Jimoh, they said: “Changed the name from Daily Newswatch to Newswatch Times. Our lawyer, Kunle Oyesanya, wrote a letter on November 12, 2014, to Ibrahim’s lawyer, Mr. B. Ayorinde (SAN), complaining of this act of lawlessness.
“The next thing Ibrahim and his company did was to remove Newswatch delivery vans and other assets and took them away from our No. 3 Billingsway, Oregun, in Ikeja, Lagos, premises.”
They added that “even though Justice Buba’s judgement had returned Newswatch to its original owners, Ibrahim employed the service of an Estate Surveyor and Valuers, Messrs Goke Owamoboye and Co of No 82, Kudirat Abiola Way, Oregun, Ikeja, to try to trespass into the property. The valuer placed a notice board on the wall of Newswatch premises seeking to let out the property. Our lawyer had to write a letter to the Estate Surveyor to warn him of the criminality of his action.”
They said from their investigations, “we discovered that Ibrahim was more interested in the choice property at No. 3, Billingsway than an enduring publishing enterprise. We then published a Caveat Emptor in the Vanguard newspaper on February 16 and 19, 2015, stating that the place (No. 3, Billingsway, Oregun, Ikeja) is not for let, lease or sale.
“All these efforts did not stop Ibrahim on his desperate, maniacal mission to acquire by all means property that he is not legally or legitimately entitled to.”
The Newswatch directors alleged that Ibrahim then changed tactics and “tried to use some policemen at Alausa Police Station, Ikeja, to commit a trespass on the premises of Newswatch. We wrote a petition on February 17, 2015, to the state Commissioner of Police complaining about him.
“We were expected to meet with the police on the matter but he refused to turn up, however, we made our case to the police. He brags openly about the fact that he has the police in his pocket. This is of no interest to us but as law-abiding citizens, we will use all lawful means to keep our property from being stolen by anyone, no matter how rich he is.”
Also, they said the publication of October 31, 2017, earlier referred to, contained a number of inaccuracies and discrepancies, explaining that the statement that “Ibrahim won the ownership case at a Federal High Court and the matter was relitigated by the defendants before another Federal High Court presided over by Justice Buba who ruled in favour of Ray Ekpu, Dan Agbese, Yakubu Mohammed and others” is false.
During their negotiations before the share purchase agreement was signed, they said: “Ibrahim mentioned the former President, Chief Olusegun Obasanjo several times as his mentor.

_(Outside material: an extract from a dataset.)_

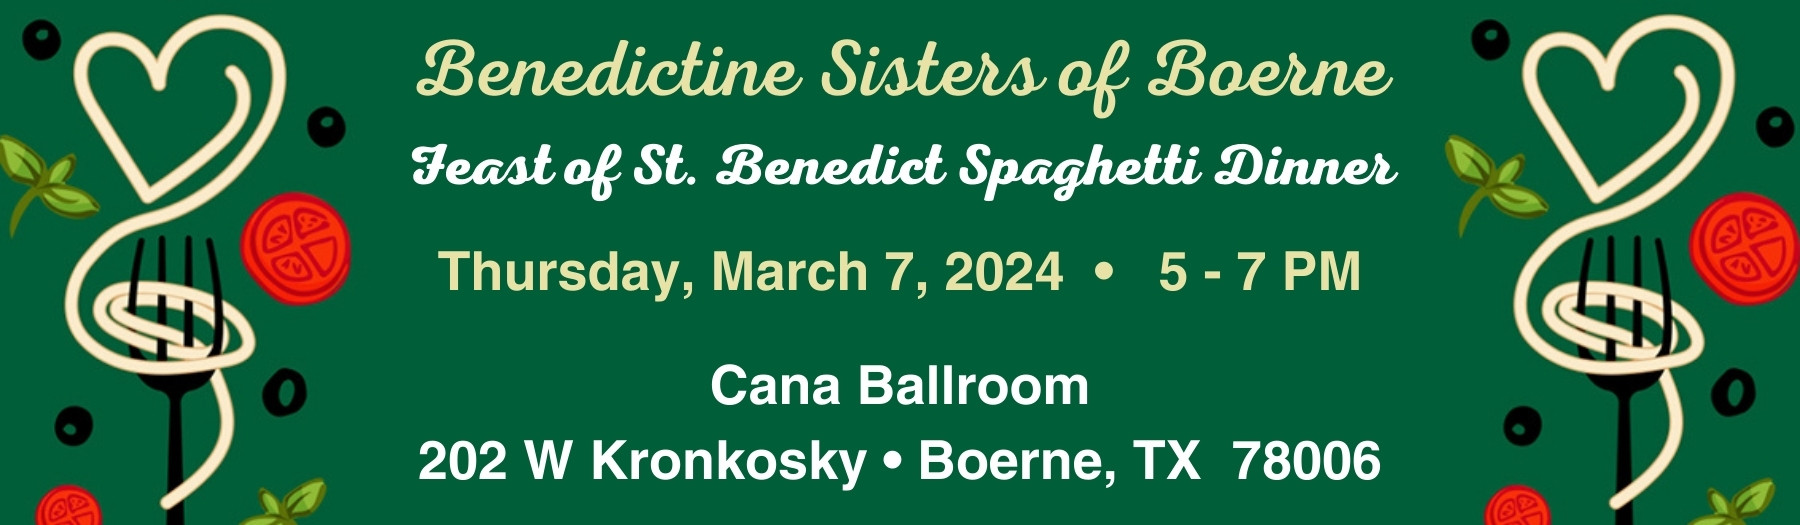 Header for the spaghetti dinner Thursday March 7 2025 at 202 W Kronosky Boerne, TX 78006 from 5pm to 7pm

“Since we are also friendly with the former president, we decided to report Ibrahim to him. Obasanjo asked us (Ray Ekpu, Dan Agbese, Yakubu Mohammed and Soji Akinrinade) what we wanted. We said we wanted him to invite Ibrahim for a meeting so he can state before him whether he paid us the money or not. Obasanjo told us later that he had invited him a couple of times but he never turned up for the meeting with us.”
“We believe that despite the rot in the Nigeria system, there are still judges with a conscience who will not sell their conscience for a mess of pottage,” the statement said.